- Etymology: Jedediah Smith, early 19th century explorer

Location
- Country: United States
- State: Oregon
- County: Douglas

Physical characteristics
- Source: Central Oregon Coast Range
- • location: near Roman Nose Mountain, Siuslaw National Forest
- • coordinates: 43°55′09″N 123°43′19″W﻿ / ﻿43.91917°N 123.72194°W
- • elevation: 2,263 ft (690 m)
- Mouth: Smith River
- • location: River mile 35 (river km 56) along the Smith River
- • coordinates: 43°48′22″N 123°46′00″W﻿ / ﻿43.80611°N 123.76667°W
- • elevation: 249 ft (76 m)
- Length: 10 mi (16 km)

= West Fork Smith River =

The West Fork Smith River is a tributary, about 10 mi long, of the Smith River in Douglas County in the U.S. state of Oregon.

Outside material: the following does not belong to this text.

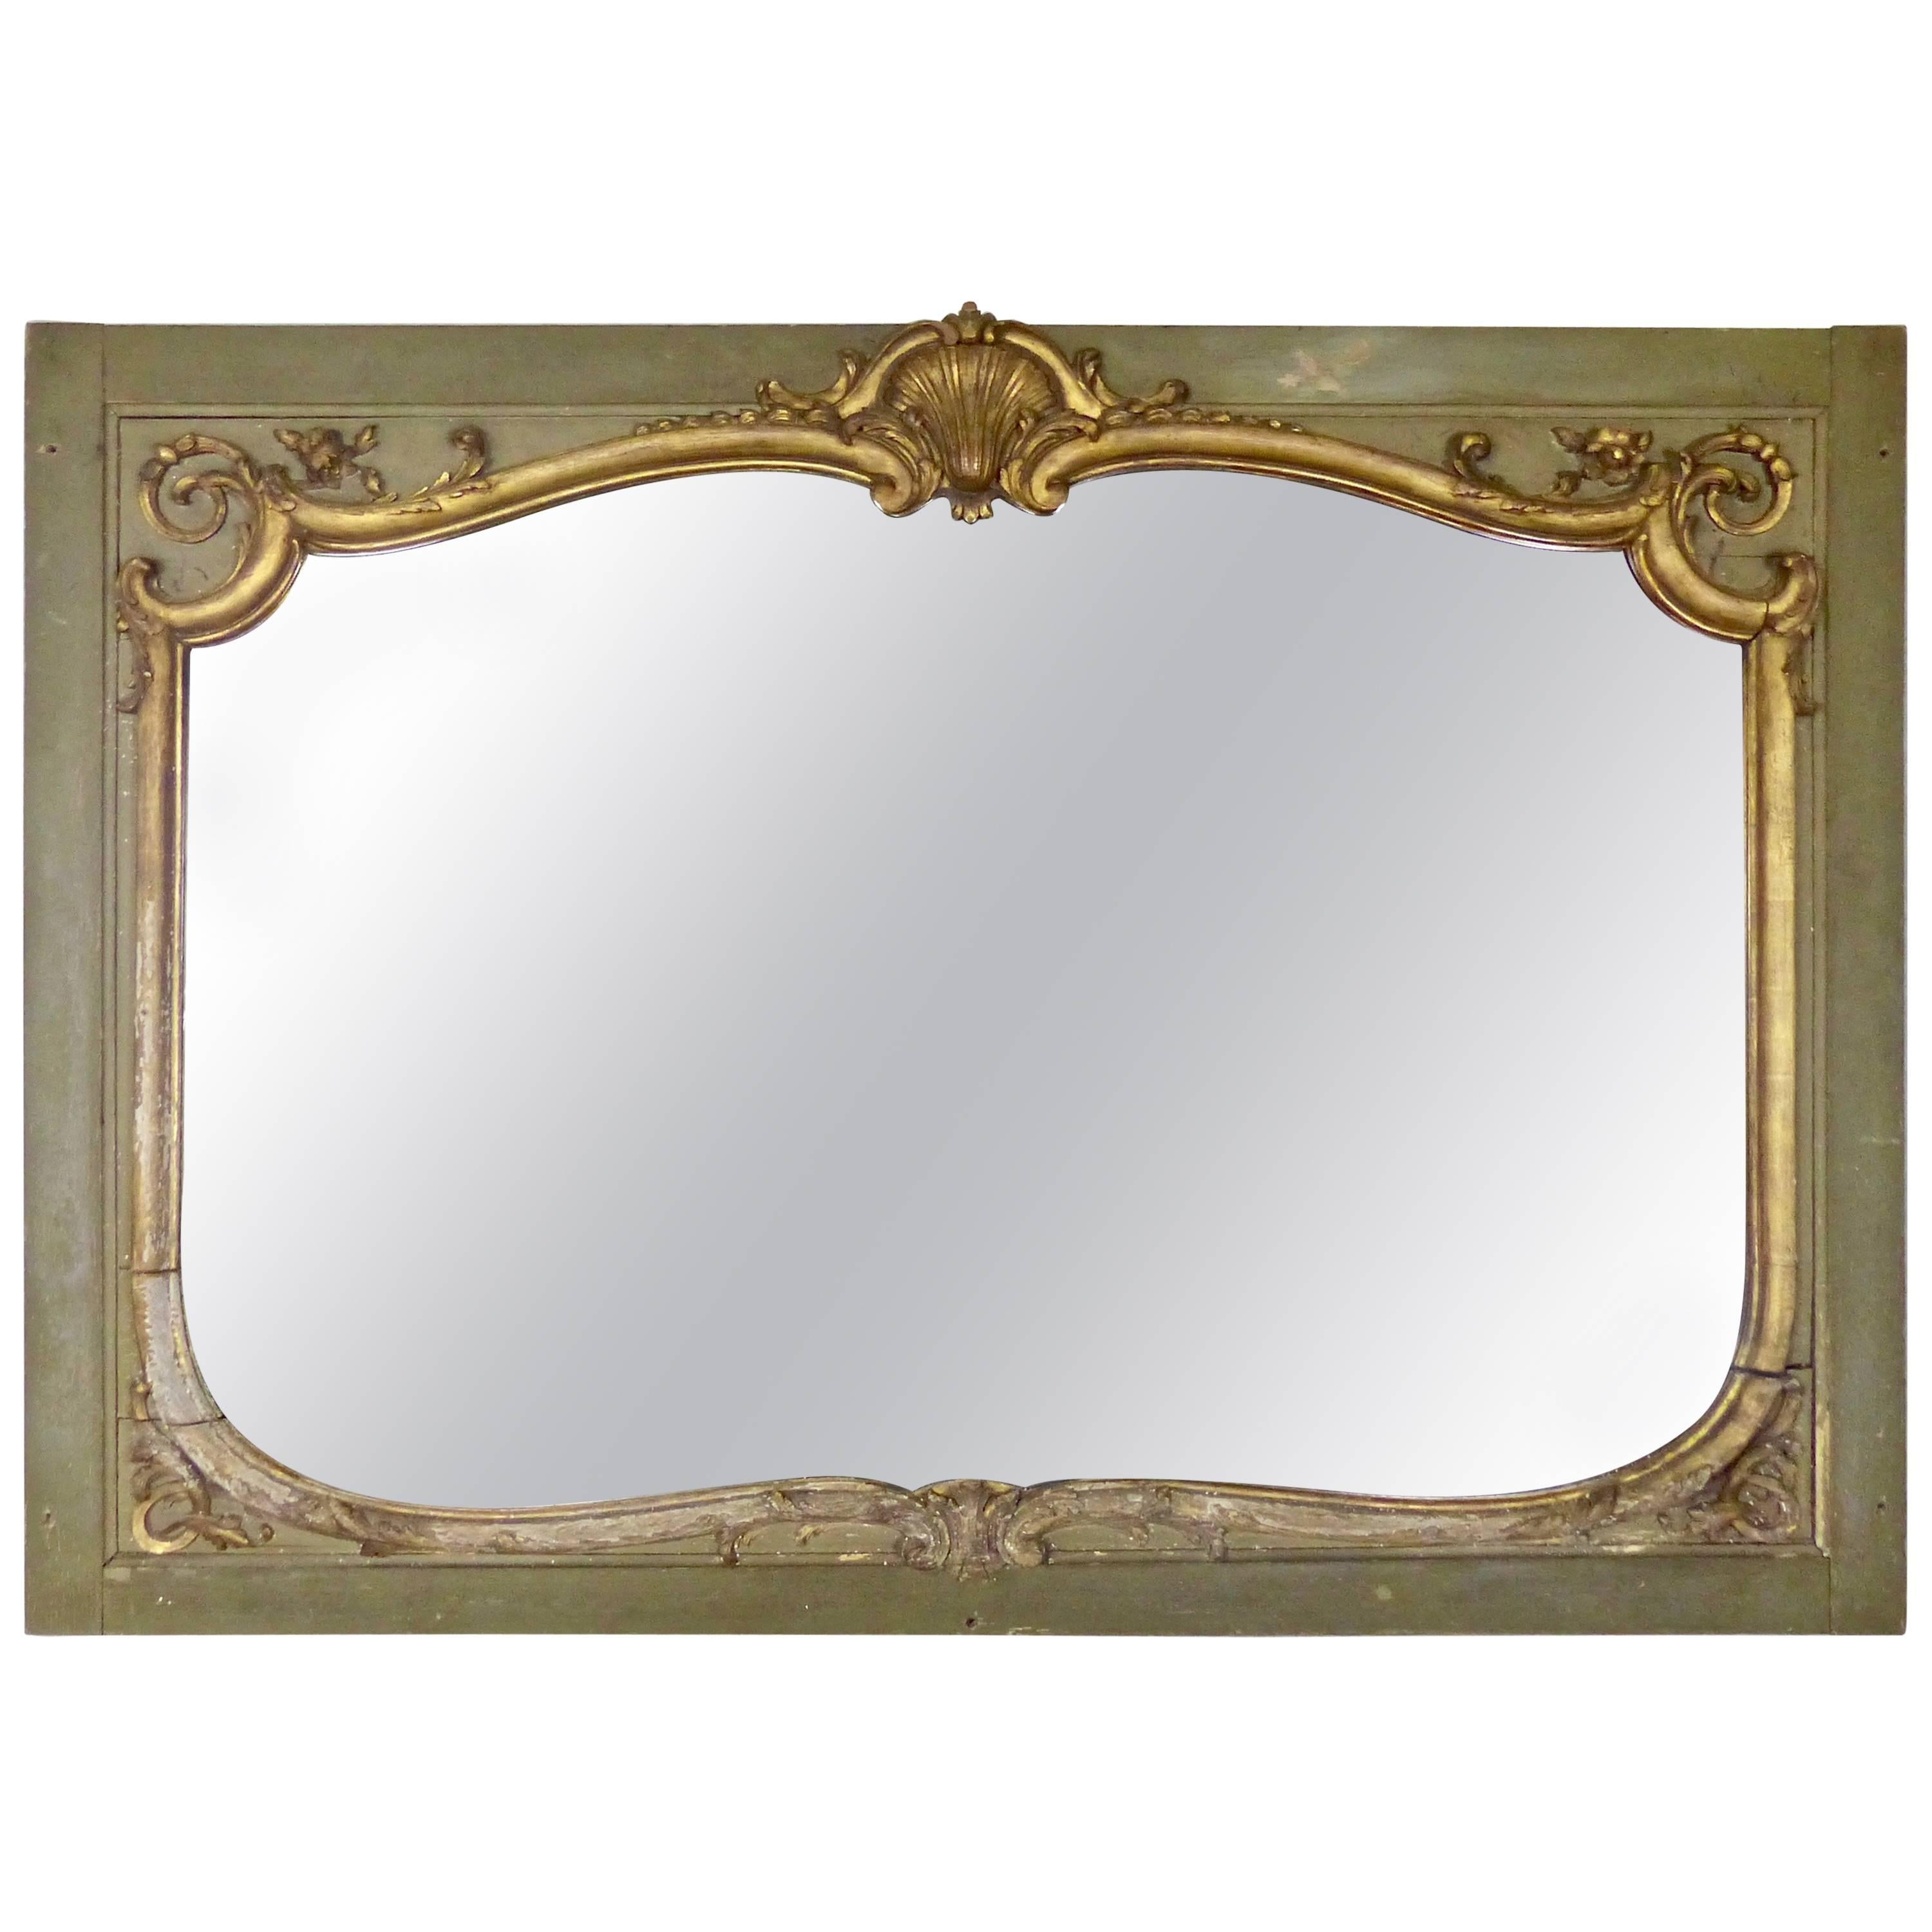 Antique Ornate Art Nouveau Style Giltwood Mirror
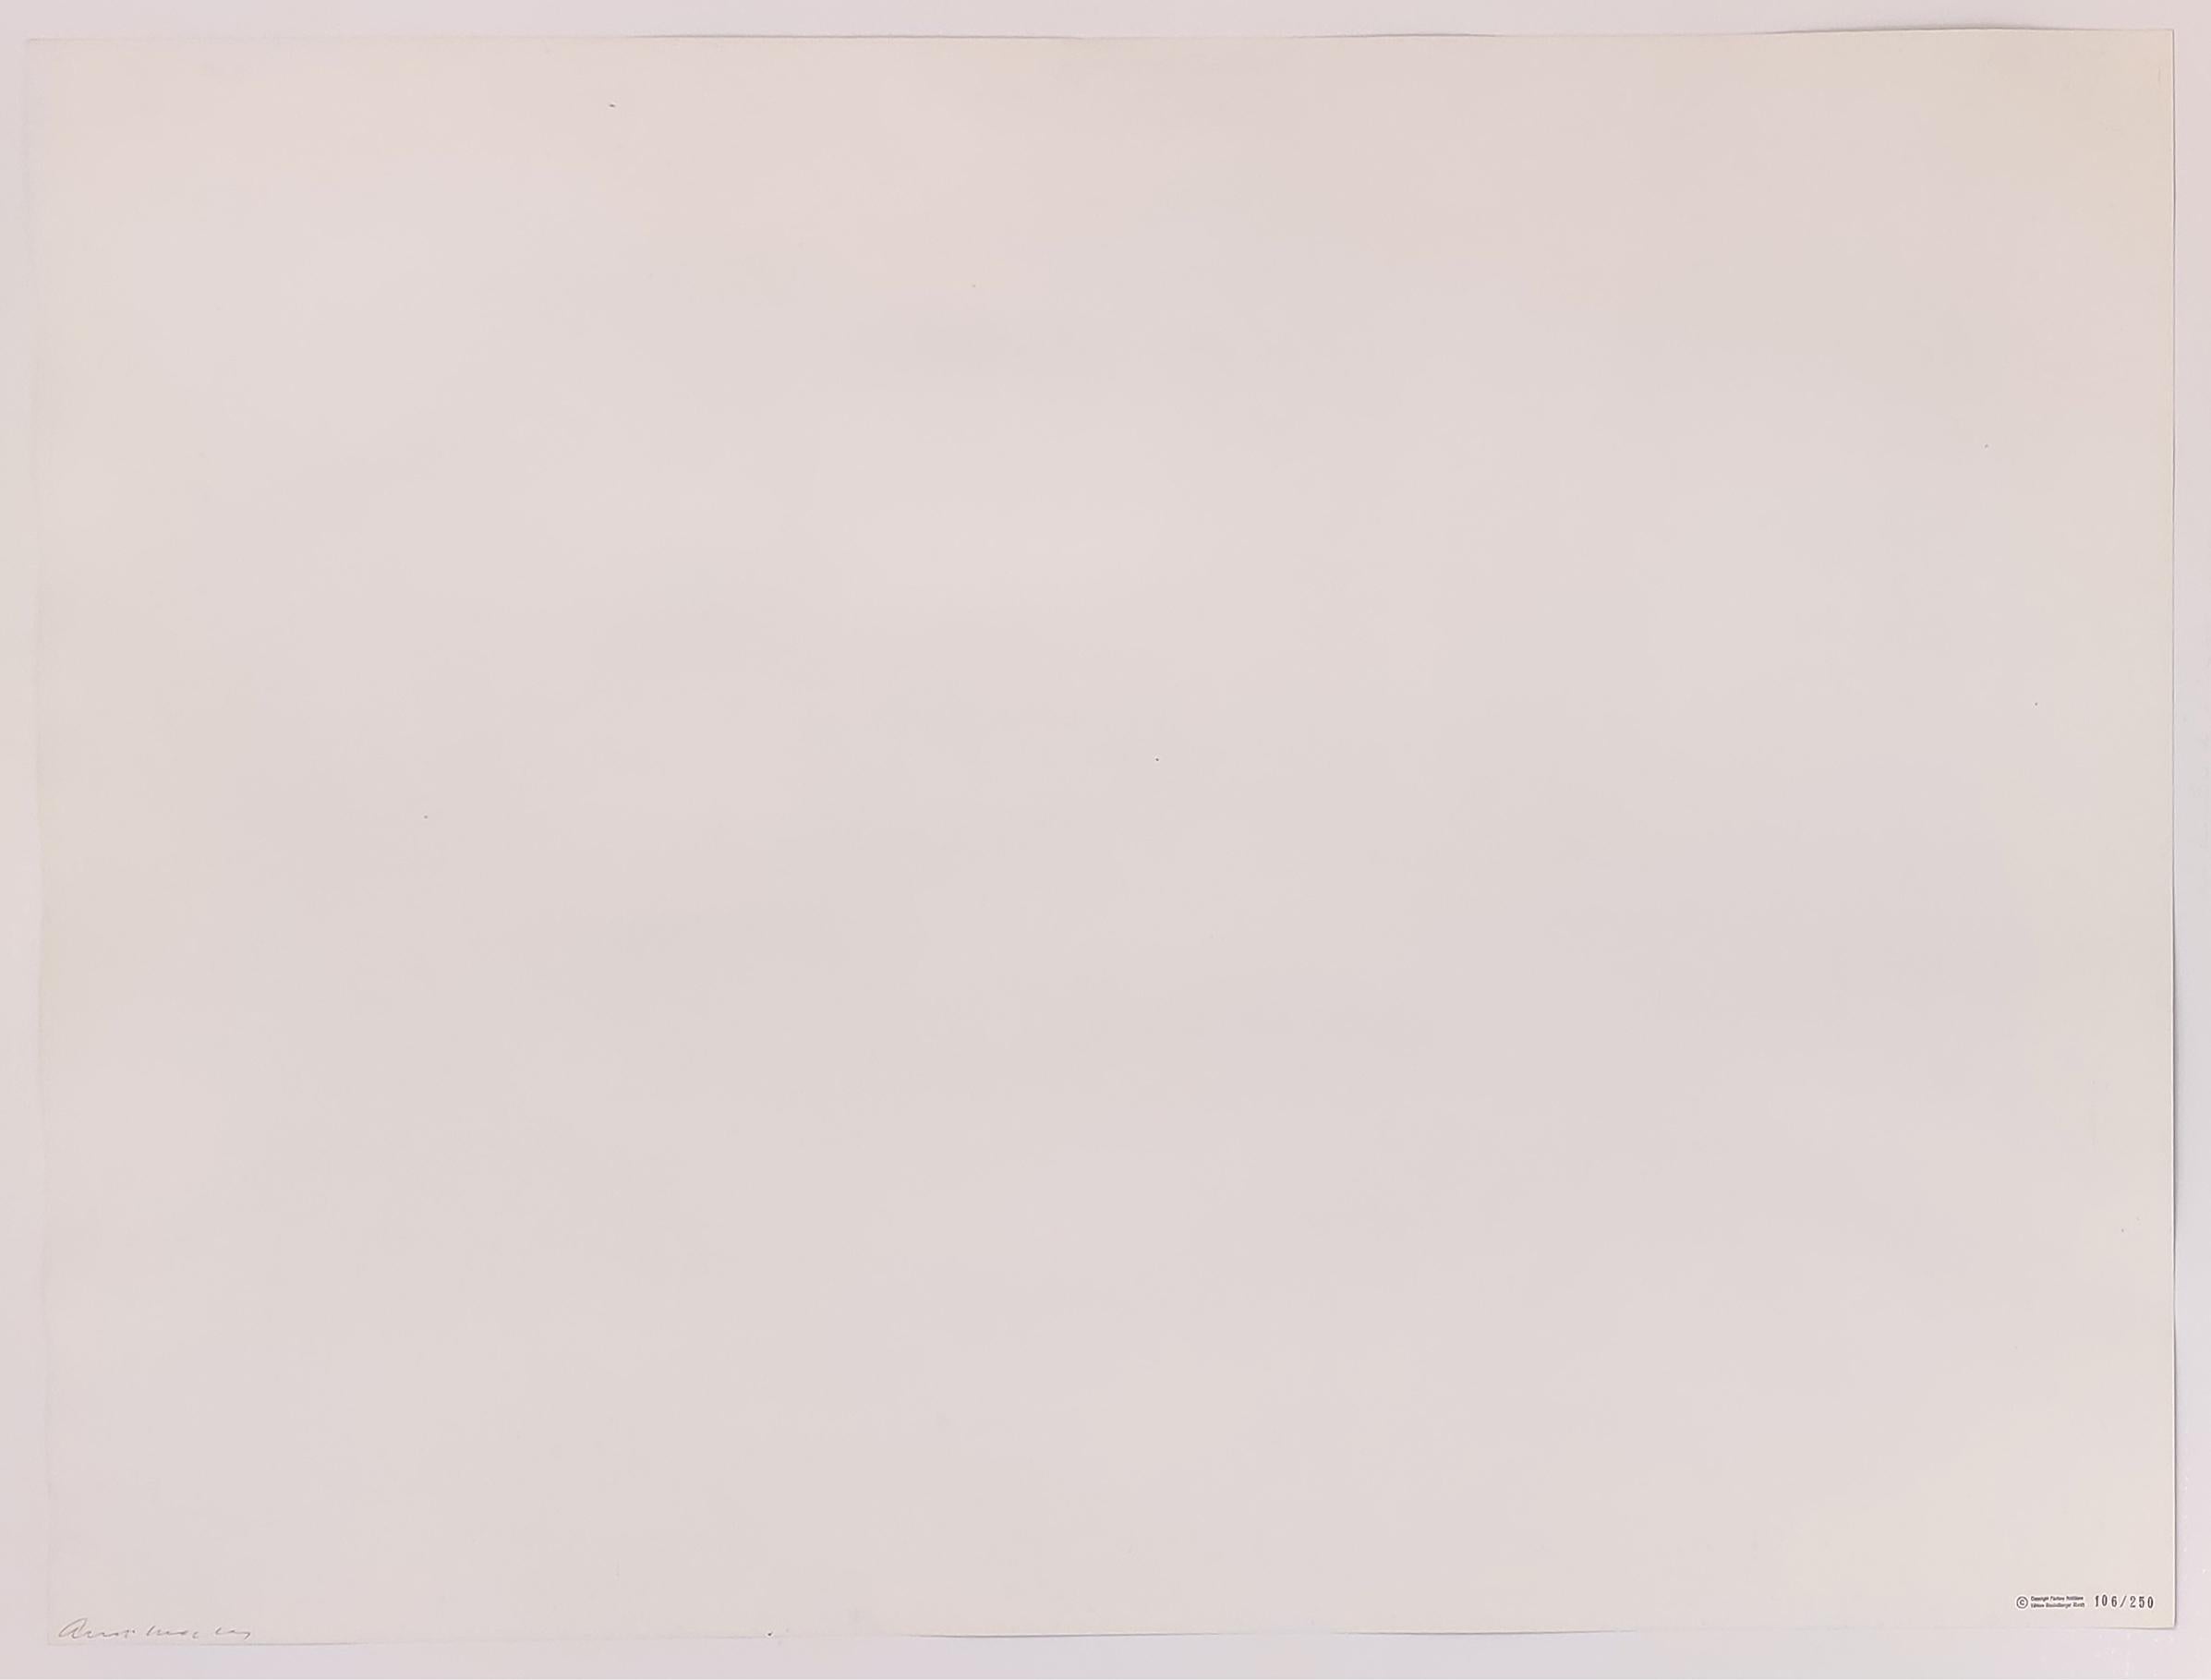 ELEKTRISCHER STUHL FS II.79 – Print von Andy Warhol

It begins in the Central Oregon Coast Range near Roman Nose Mountain and flows generally south to meet the larger river 35 mi from its confluence with the Umpqua River near Reedsport. The entire course of the river lies within the Siuslaw National Forest.

The river supports populations of Chinook and coho salmon, steelhead, cutthroat trout, and lamprey. Fishing in Oregon, a sportfishing guide, describes the river as "a beautiful wild trout stream".

Degraded in past decades by logging, splash dams, and in-stream debris removal, the stream has been chosen for restoration. Using grant money from the state, the Partnership for Umpqua Rivers has been placing thousands of boulders in the streambed to improve the spawning, rearing, and refugia habitat for fish. The project involves a 4.5 mi stretch of the river.

==Tributaries==
The named tributaries of the West Fork Smith River from source to mouth are Gold, Beaver, Moore, Crane, and Coon creeks.